PROVIDED MATERIAL:
※

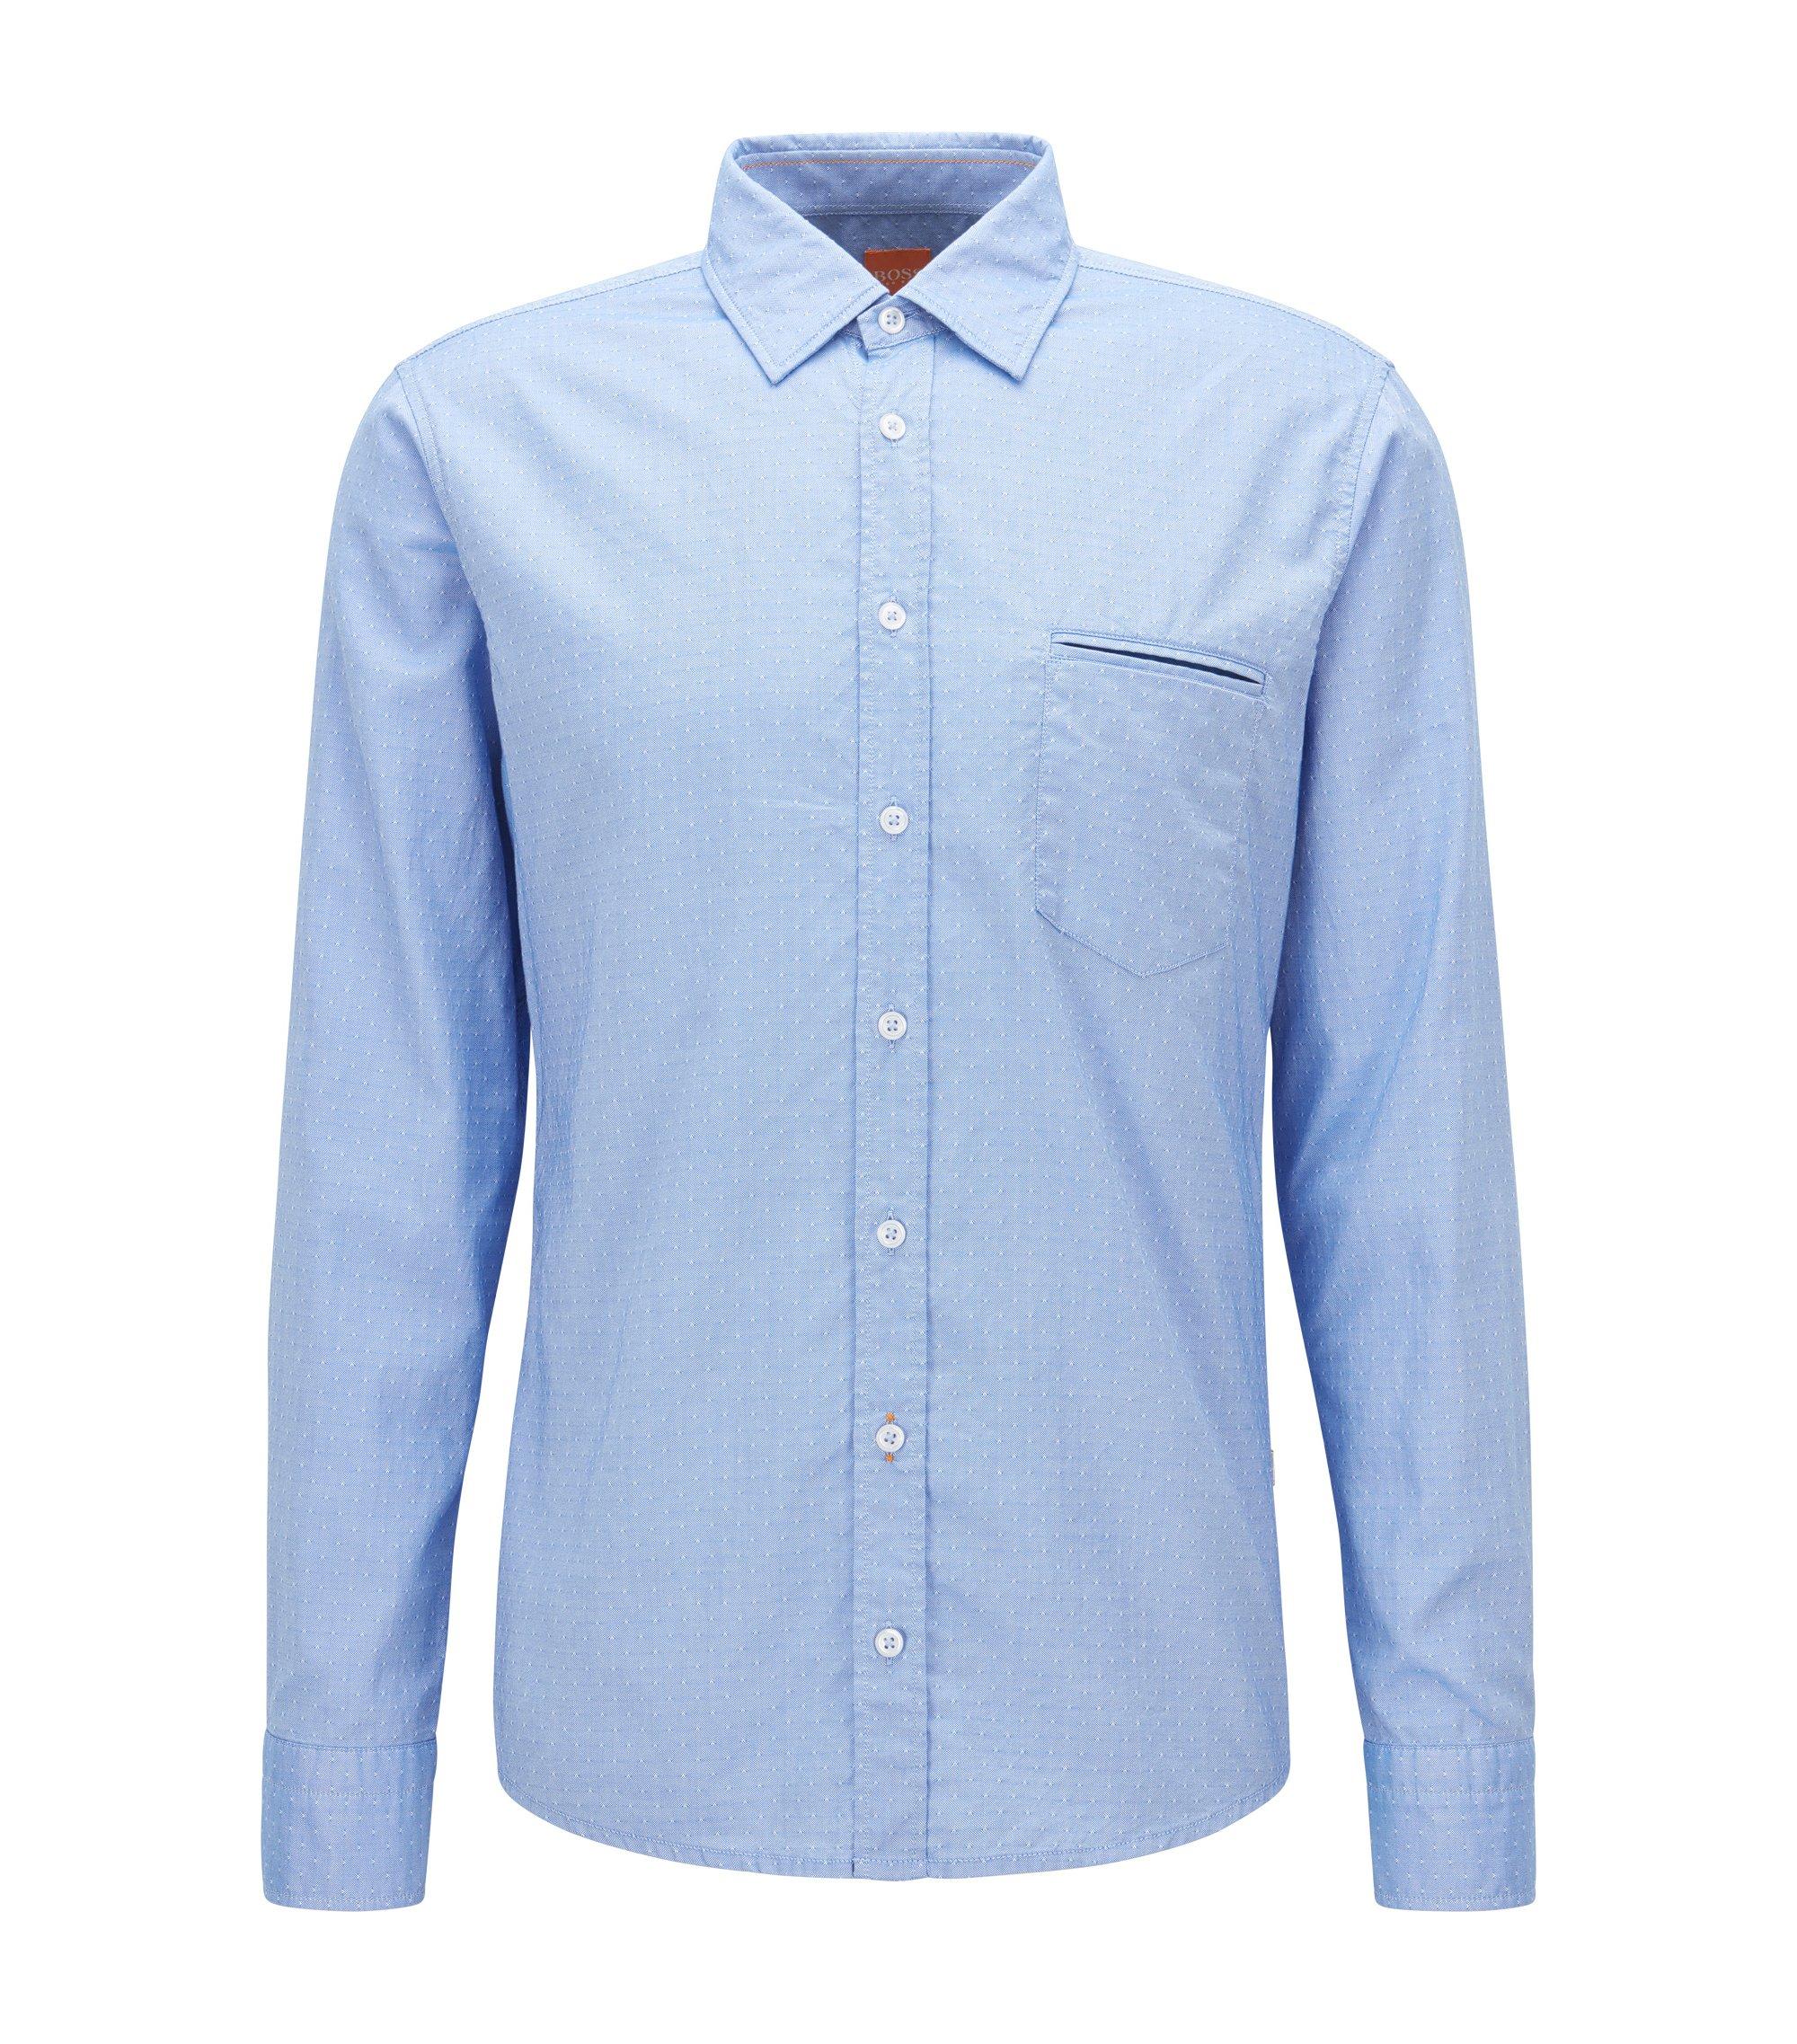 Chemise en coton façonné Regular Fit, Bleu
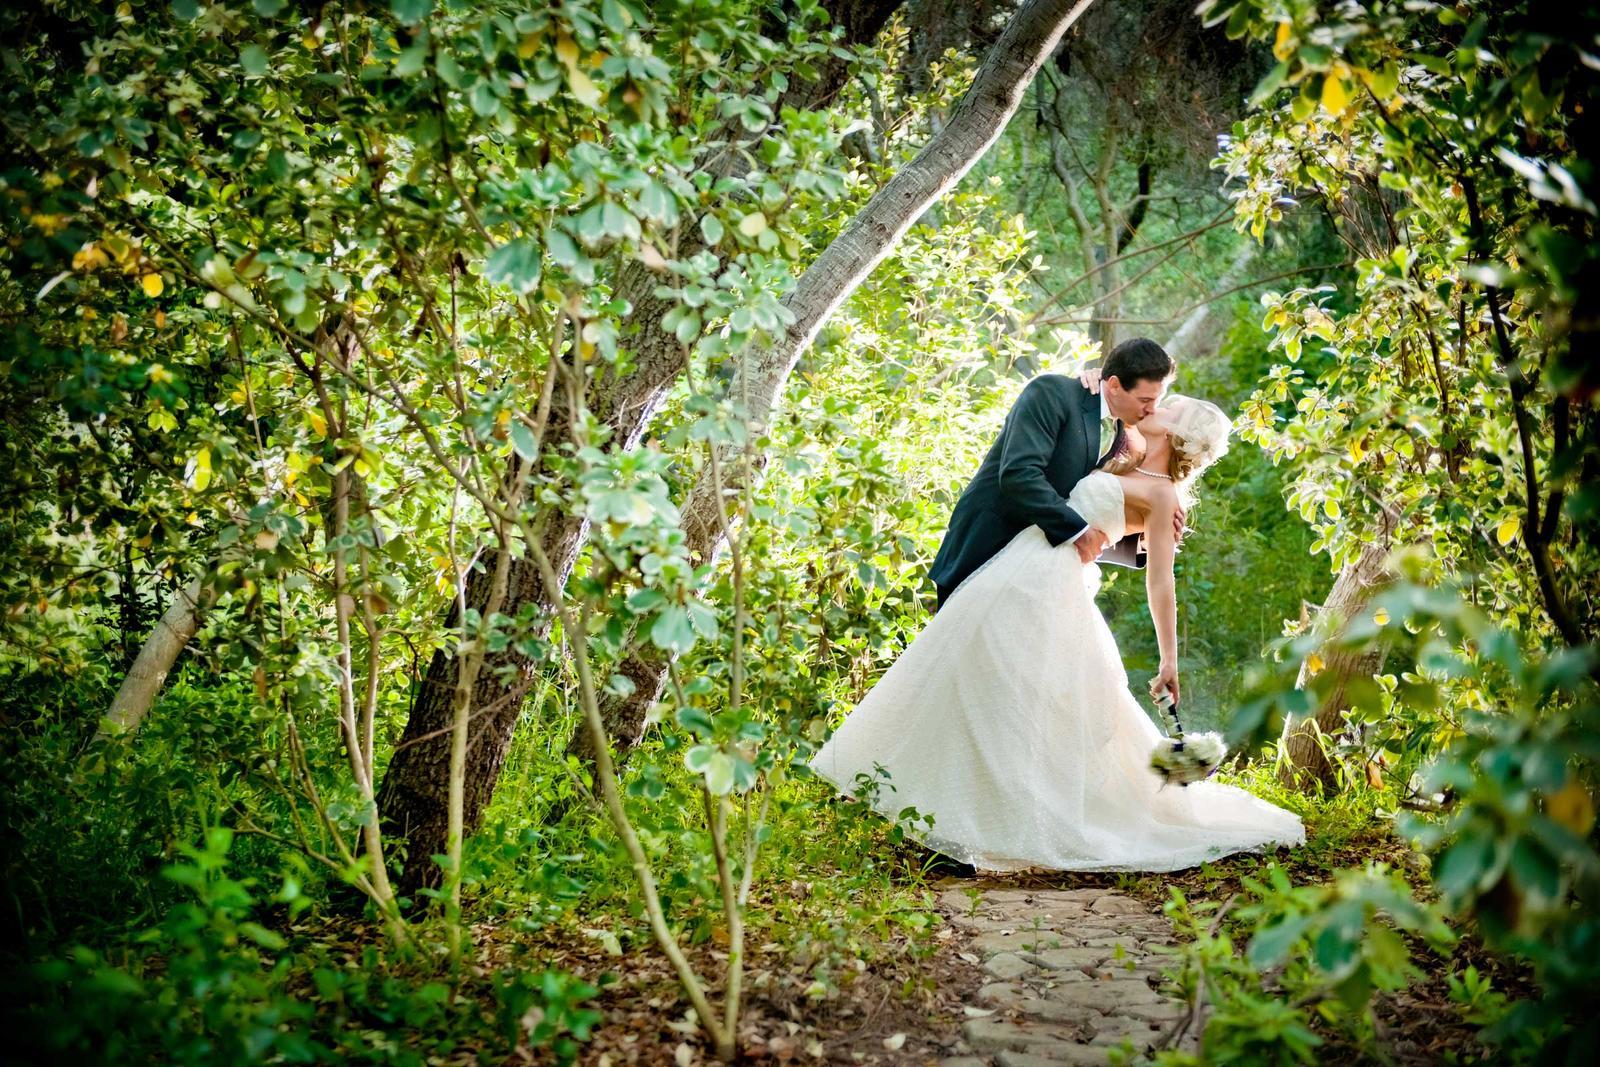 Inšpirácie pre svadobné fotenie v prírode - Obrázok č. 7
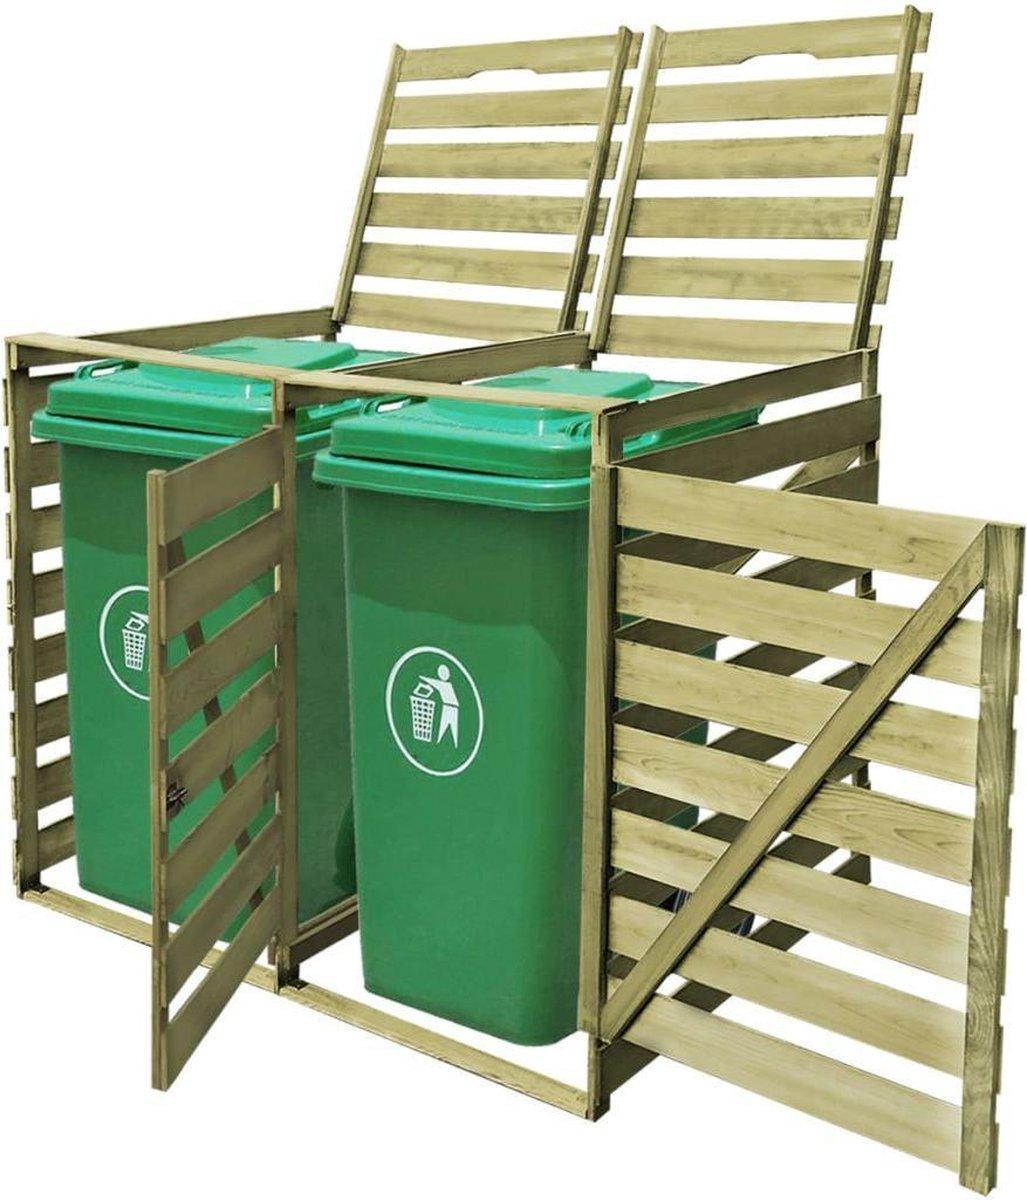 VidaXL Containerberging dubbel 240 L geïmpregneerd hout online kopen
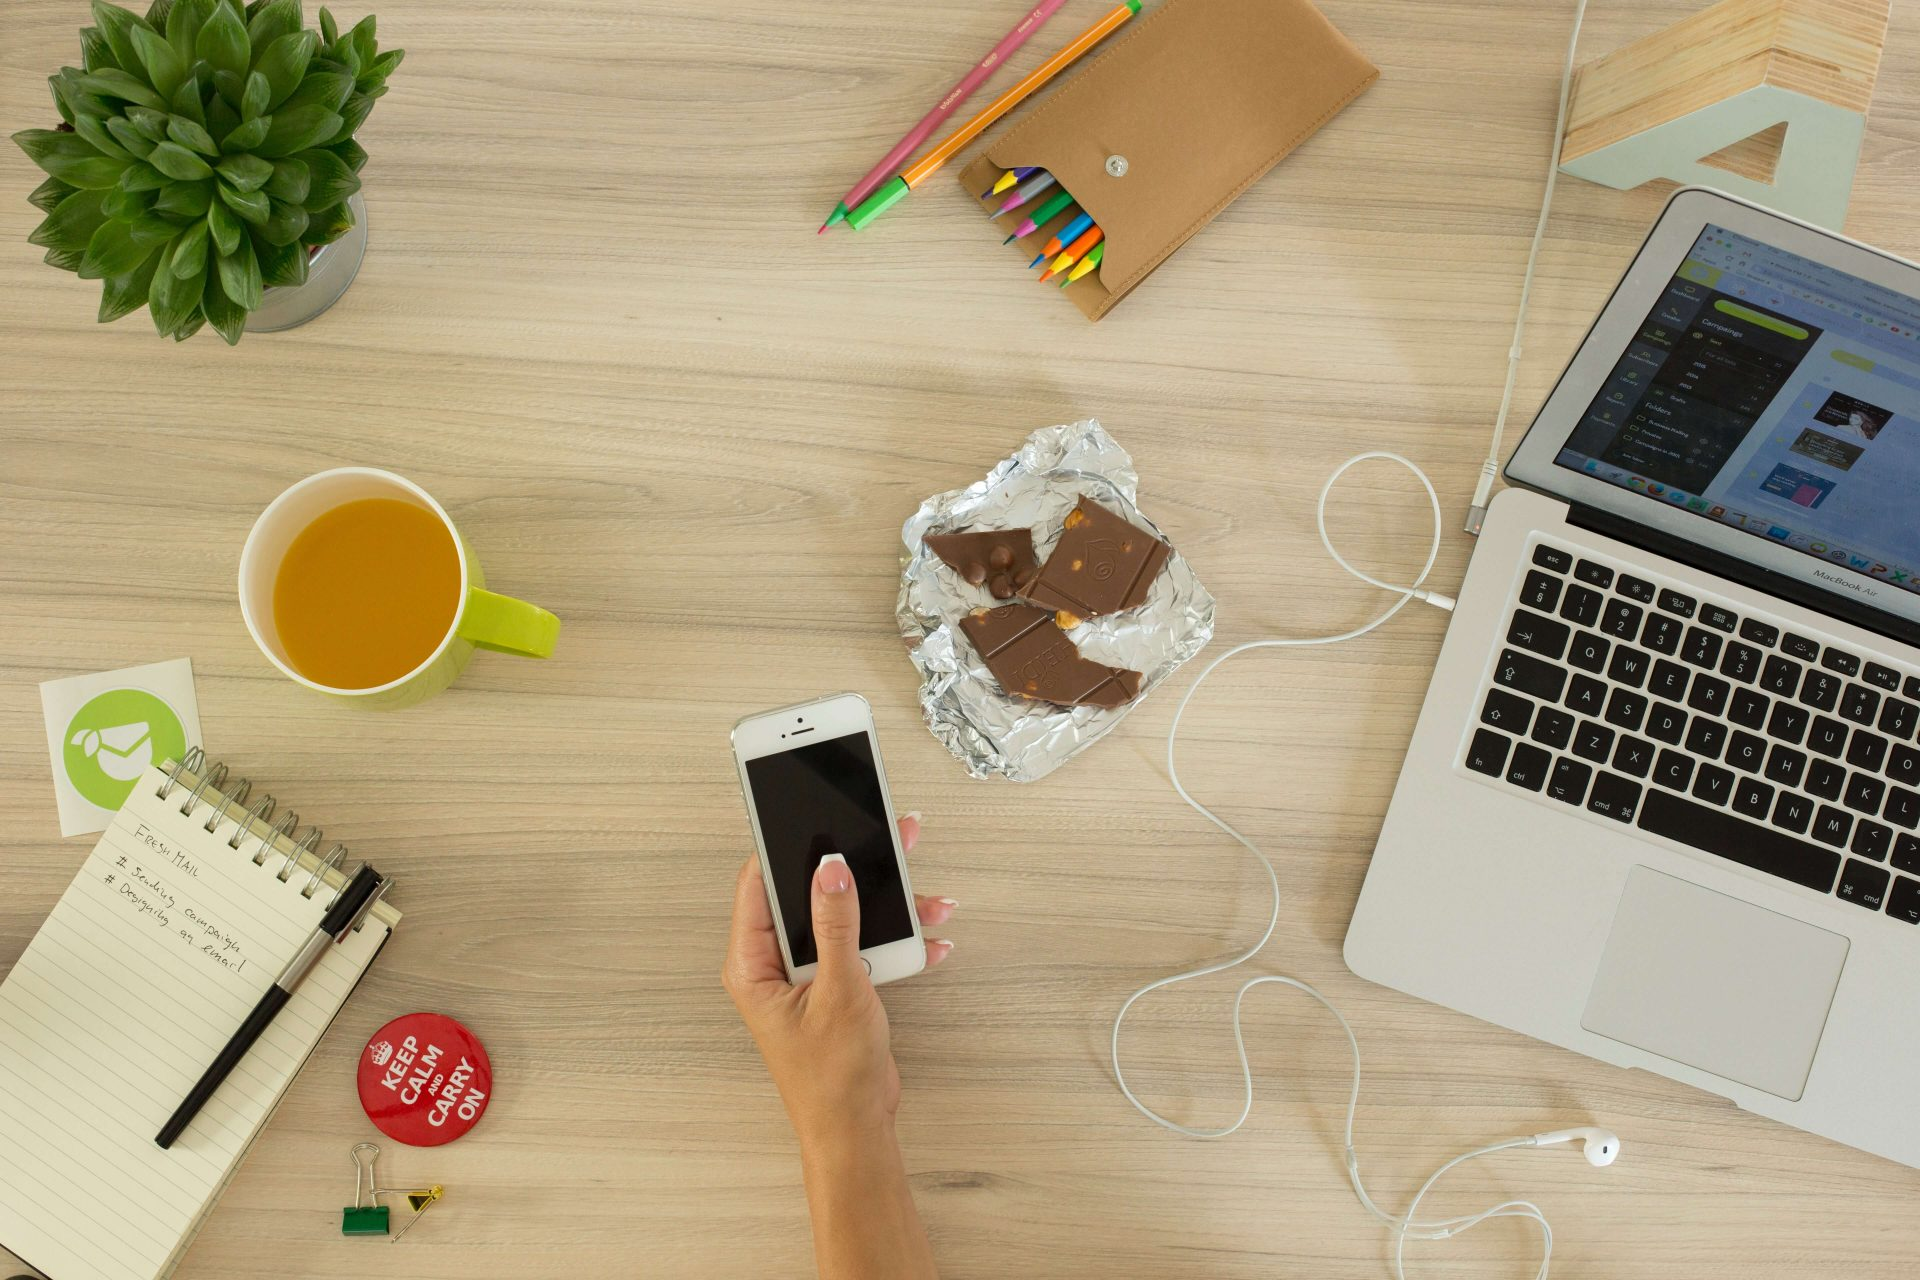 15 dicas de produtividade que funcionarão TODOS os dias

※

Copy exactly the lines running from the line with "VidaXL Containerberging dubbel" to the final line of the listing, keeping both ends and dropping any picture.

 VidaXL Containerberging dubbel 240 L geïmpregneerd hout online kopen
 15 dicas de produtividade que funcionarão TODOS os dias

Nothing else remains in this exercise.